Self-archiving policy
For self-archiving, authors must comply with the following
a) Acknowledge the copyright held by the journal Investigación Bibliotecológica: archivonomía, bibliotecología e información.
b) Establish a link to the original version of the paper on the journal page, using, for example, the DOI.
c) Disseminate the final version published in the journal.
Licensing of contents
The journal Investigación Bibliotecológica: archivonomía, bibliotecología e información allows access and use of its contents pursuant to the Creative Commons license: Attribution- Non-commercial-NoDerivatives 4.0.

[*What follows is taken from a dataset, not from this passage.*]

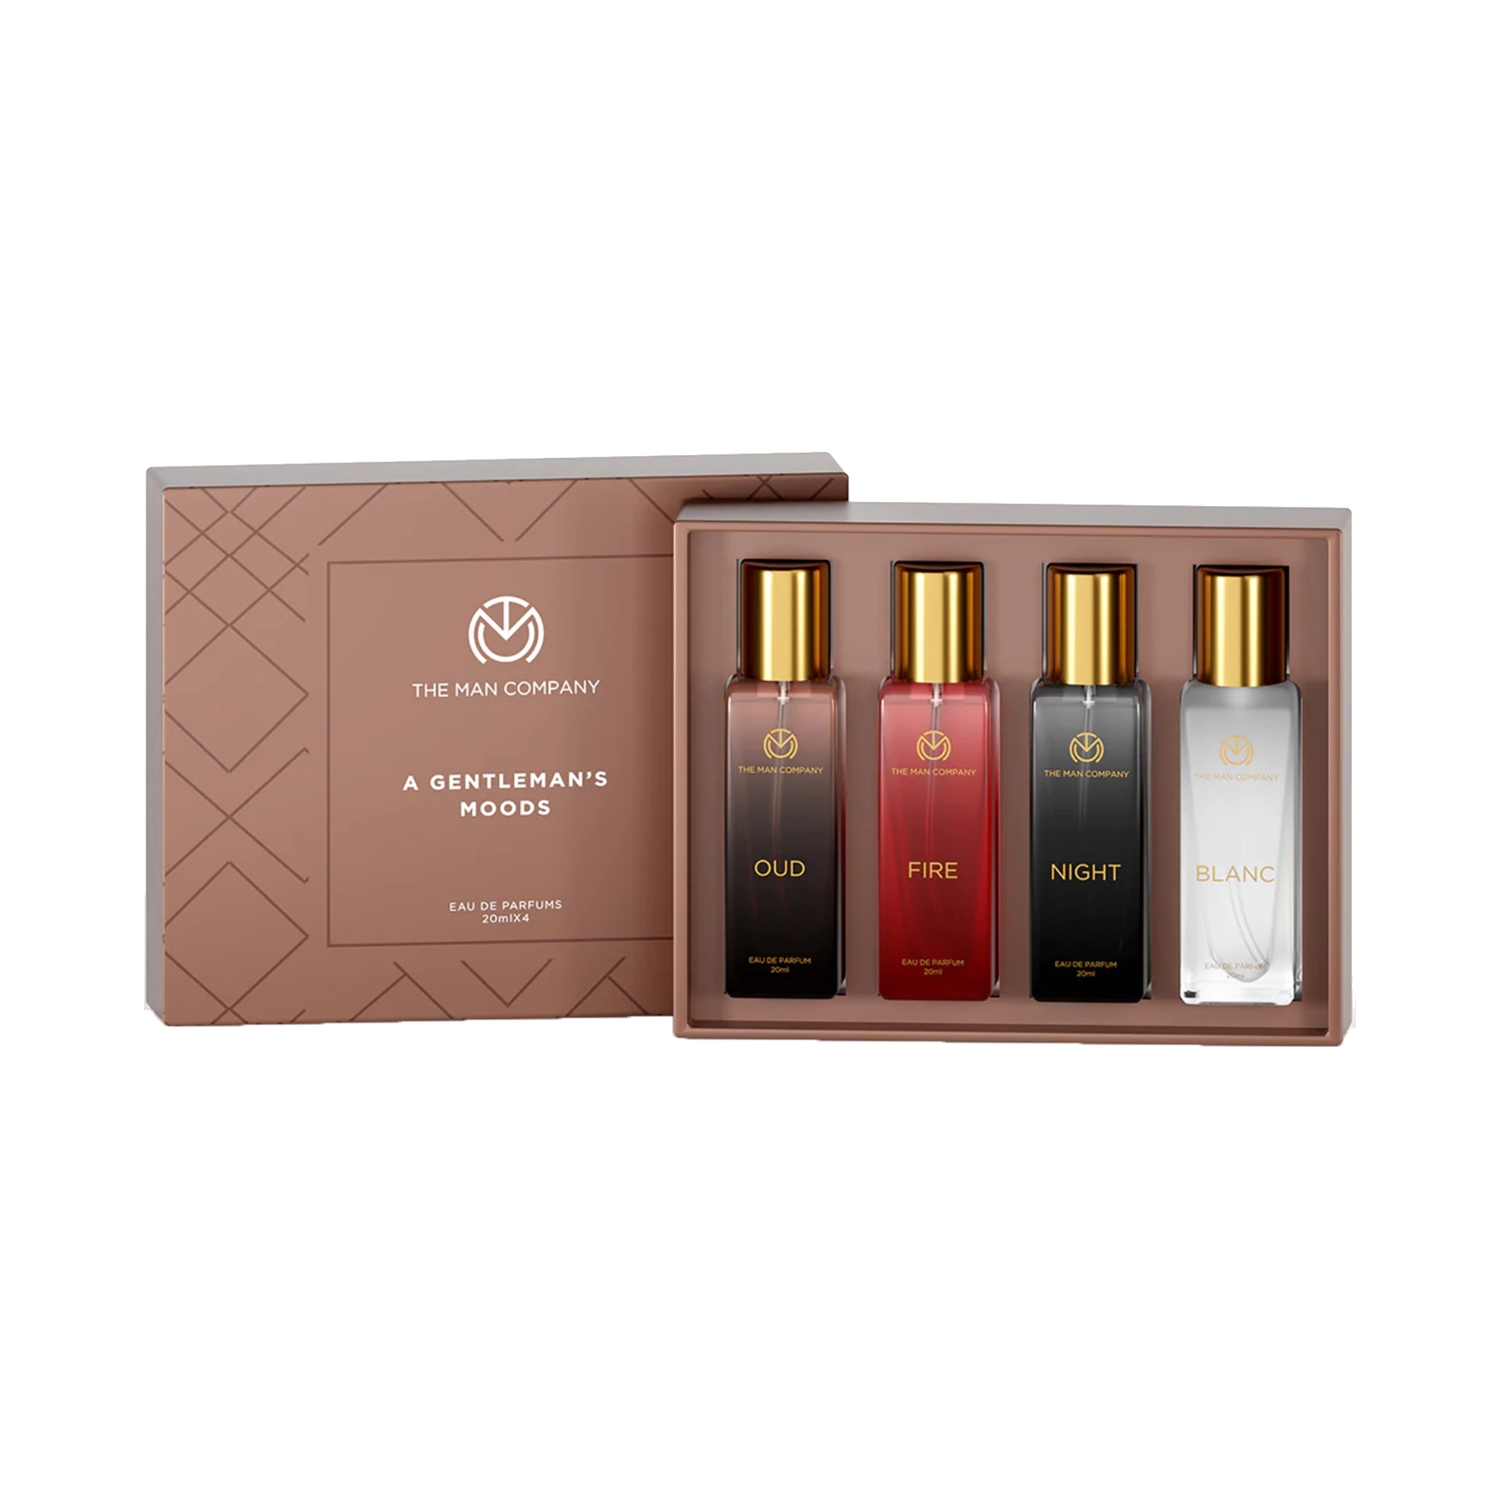 The Man Company | The Man Company A Gentleman’s Moods Premium Fragrance Gift Set (4 Pcs)

Investigación Bibliotecológica: archivonomía, bibliotecología e información by Universidad Nacional Autónoma de México is licensed under a Creative Commons Attribution-NonCommercial-NoDerivatives 4.0 Internacional License.
Creado a partir de la obra en http://rev-ib.unam.mx/ib.
This means that contents can only be read and shared as long as the authorship of the work is acknowledged and cited. The work shall not be exploited for commercial ends nor shall it been modified.
Limitation of liability
The journal is not liable for academic fraud or plagiarism committed by authors, nor for the intellectual criteria they employ. Similarly, the journal shall not be liable for the services offered through third party hyperlinks contained in papers submitted by authors.
In support of this position, the journal provides the Author’s Duties notice at the following link: Responsibilities of authors.
The director or editor of the journal shall notify authors in the event it migrates the contents of the journal’s official website to a distinct IP or domain.